The dissent mistakenly posits that the majority failed to “cite a single authority for supporting [our] position” that plaintiff was required to submit proof of the timely notice for the IMEs in order to make a prima facie showing of entitlement to judgment as a matter of law. In Unitrin Advantage Ins. Co. v Bayshore Physical Therapy, PLLC, we explicitly held that “[p]laintiff satisfied its prima facie burden on summary judgment of establishing that it requested IMEs in accordance with the procedures and time frames set forth in the no-fault implementing regulations, and that defendants’ assignors did not appear” (82 AD3d at 560 [emphasis added]).

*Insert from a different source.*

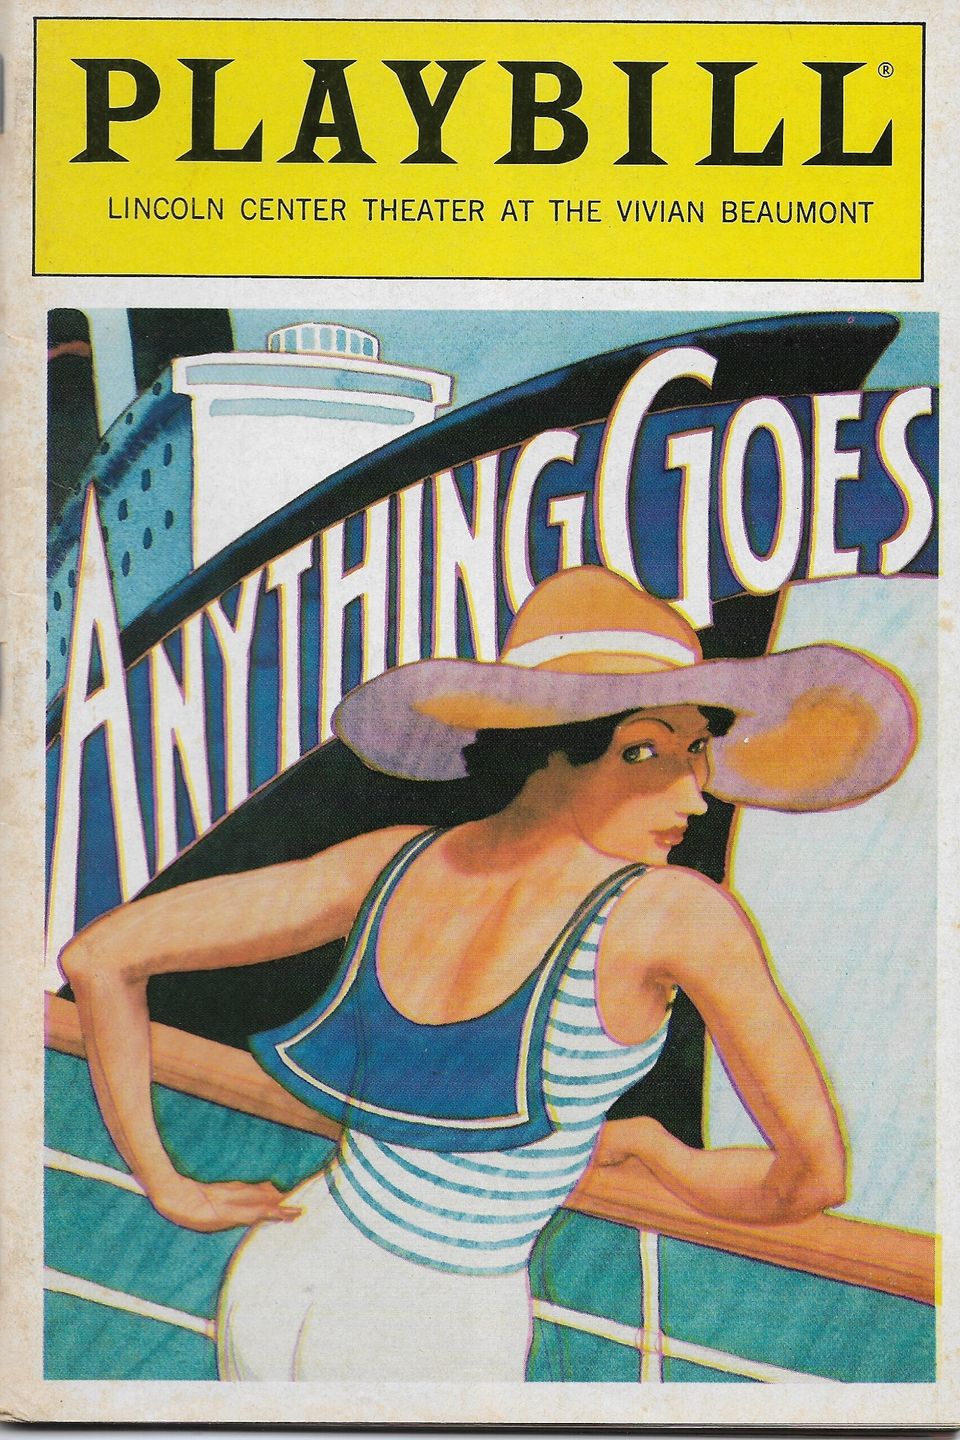 Anything goes revival

Likewise, the dissent points out that “the majority negates the precedential authority of Lucas.” Contrary to the dissent’s assertion, Lucas does not support its position since in Lucas, the defendant did not argue on appeal that the plaintiff failed to satisfy its prima facie burden on summary judgment of establishing that it requested IMEs in accordance with the procedures and time frames set forth in the no-fault implementing regulations. Here, in contrast, the issue of whether plaintiff met its burden of showing compliance with the applicable time frame was fully briefed on appeal.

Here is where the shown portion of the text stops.